Additionally, we found significantly different methylation levels of CDGS genes when comparing tumor tissues to normal tissues (Fig. 5H). In pan-cancer analysis, the average methylation level of CDGS was significantly lower in the mutant group (Fig. S4G). Mutations of CDGS also decreased the methylation level across eight specific cancer types (Fig. S4H). Meanwhile, we observed methylation signals of APOB in HepG2 and A549 rather than Panc1 cell lines (Fig. 5E, F and Fig. S4F), suggesting that mutations of APOB may influence their methylation levels. Notably, these observed discrepancy in methylation level influence arises from the distinct contexts in which APOB and CDGS mutations were analyzed. The objective of the APOB methylation analysis is to investigate the potential impact of mutations within enrichment regions on cancer development. In contrast, the global analysis of CDGS mutations reflects a broader epigenetic effect as a collective group.

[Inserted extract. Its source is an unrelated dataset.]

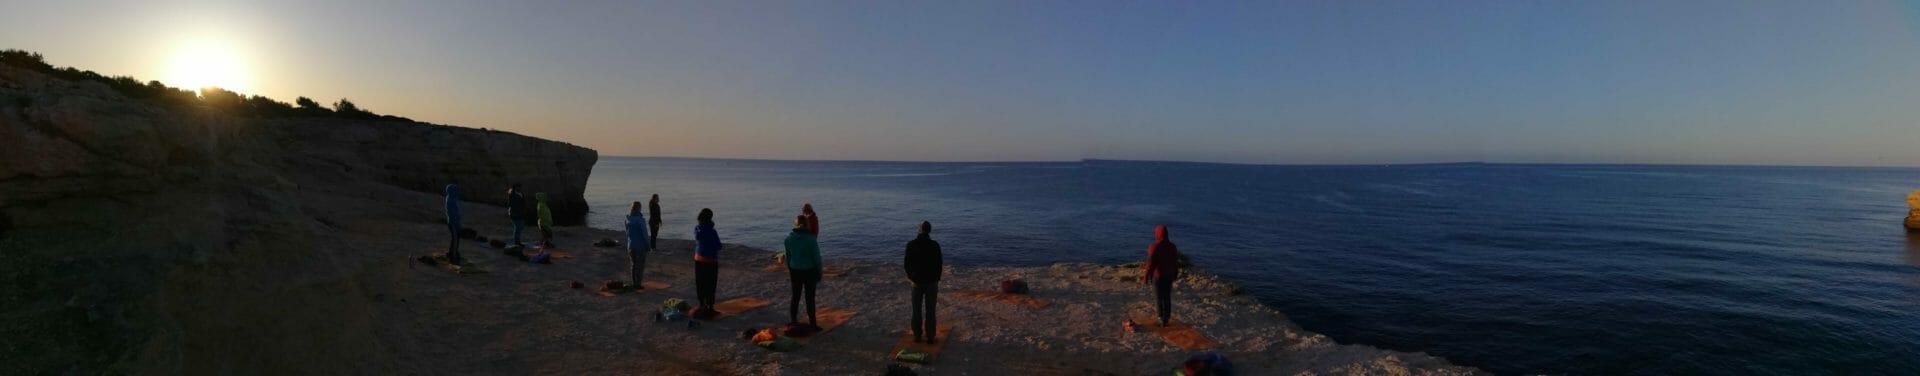 Yogagruppe auf Feslplateau am Atlantik im Yoga Retreat an der Algarve

Meanwhile, RYR3 was found to be downregulated in LUSC, PAAD, and LIHC compared to normal tissues, indicating its potential role as a TSG (Fig. 5A). RYR3 was identified as a candidate driver gene by geMER in LUSC and PAAD, but not in LIHC. Compared to the HepG2 cell line, the signals of transcription, DNA methylation, and histone modifications that promote transcription were weaker, while histone modifications that suppress transcription were stronger in A549 and Panc1 cell lines (Fig. S4I). These observations suggest that mutations within the enrichment regions of RYR3 probably reduced its transcriptional levels, DNA methylation, and histone modifications that activate expression, while enhancing histone modifications that inhibit expression. These findings provide novel mechanistic insights into the role of RYR3 as a potential driver across various cancer types. RELN, recognized as a candidate driver gene across LIHC, LUSC, and PAAD, displayed similar transcriptional, DNA methylation, and histone modification patterns in all three cell lines (Fig. S4J). This demonstrated that mutations within the enrichment regions of RELN may have similar regulatory mechanisms across these cancers.

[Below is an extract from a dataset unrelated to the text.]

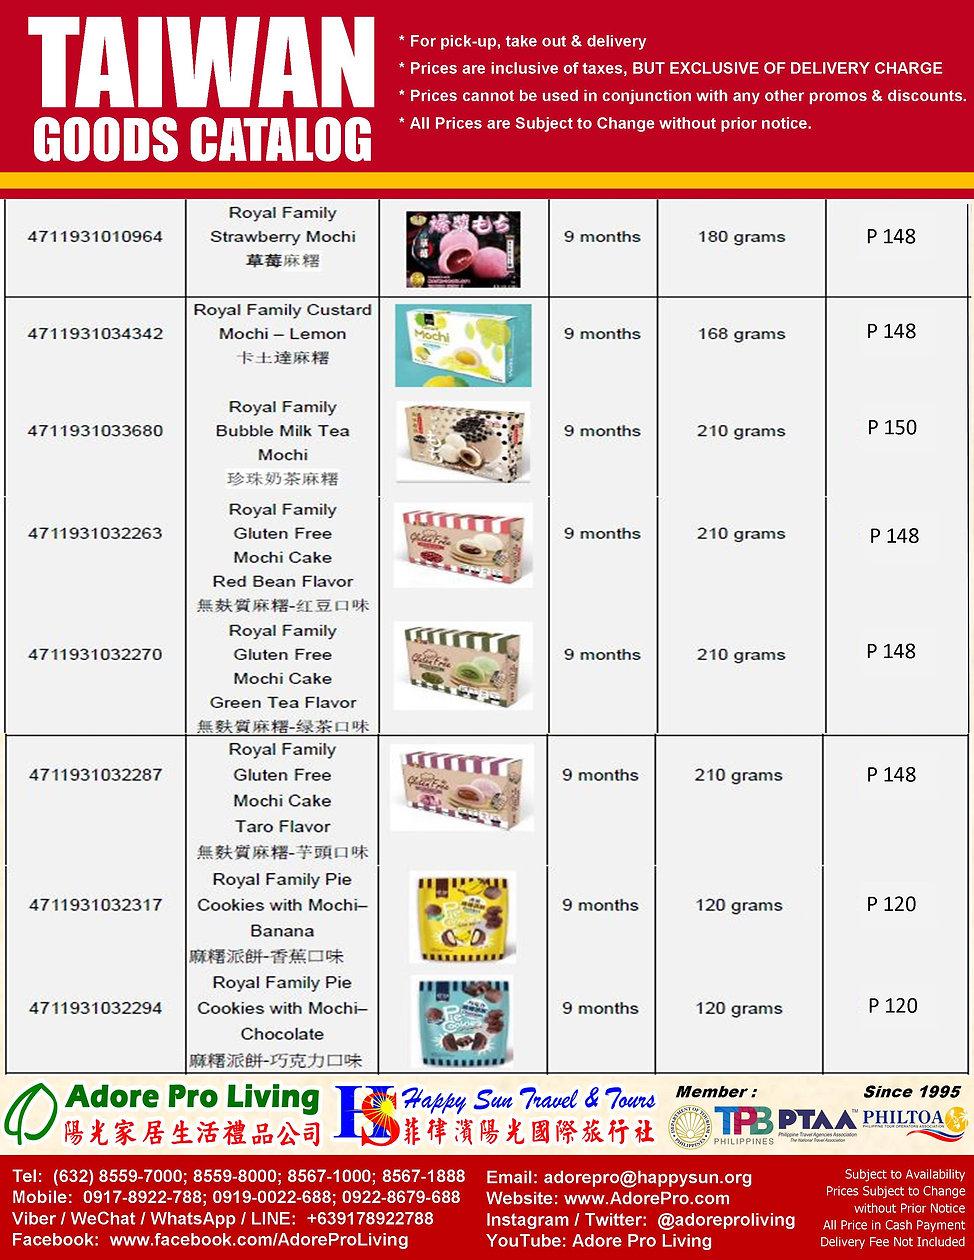 P4_Taiwan Goods Catalog_202009119.jpg

Cross-talk among CDGS genes and functional consequences of CDGS mutations

We observed that the members of CDGS featured frequent interactions within protein-protein interaction (PPI) networks (Fig. 6A). Their expression levels were generally significantly positively correlated across pan-cancer and individual cancer types (Fig. 6B). These results indicated that the cross-talk among CDGS genes may contribute to the development and progression of multiple cancers.

Fig. 6: Analysis of CDGS interaction and hallmark pathways.
Fig. 6: Analysis of CDGS interaction and hallmark pathways.
Full size image

A The expression correlations in pan-cancer and protein-protein interactions network among CDGS genes. B The expression correlations among CDGS genes for 25 cancer types. The number of cancer types with significant positively related or negatively related is shown in orange and green gradient colors, respectively. C The correlation between expression of CDGS genes and hallmark pathway activity scores, * represents p < 0.05. D The activity comparisons of 50 hallmark pathways containing 8 classifications for the patients with or without CDGS mutations in pan-cancer. E Top 5 hallmark pathways for patients with or without CDGS mutations in GSEA analysis.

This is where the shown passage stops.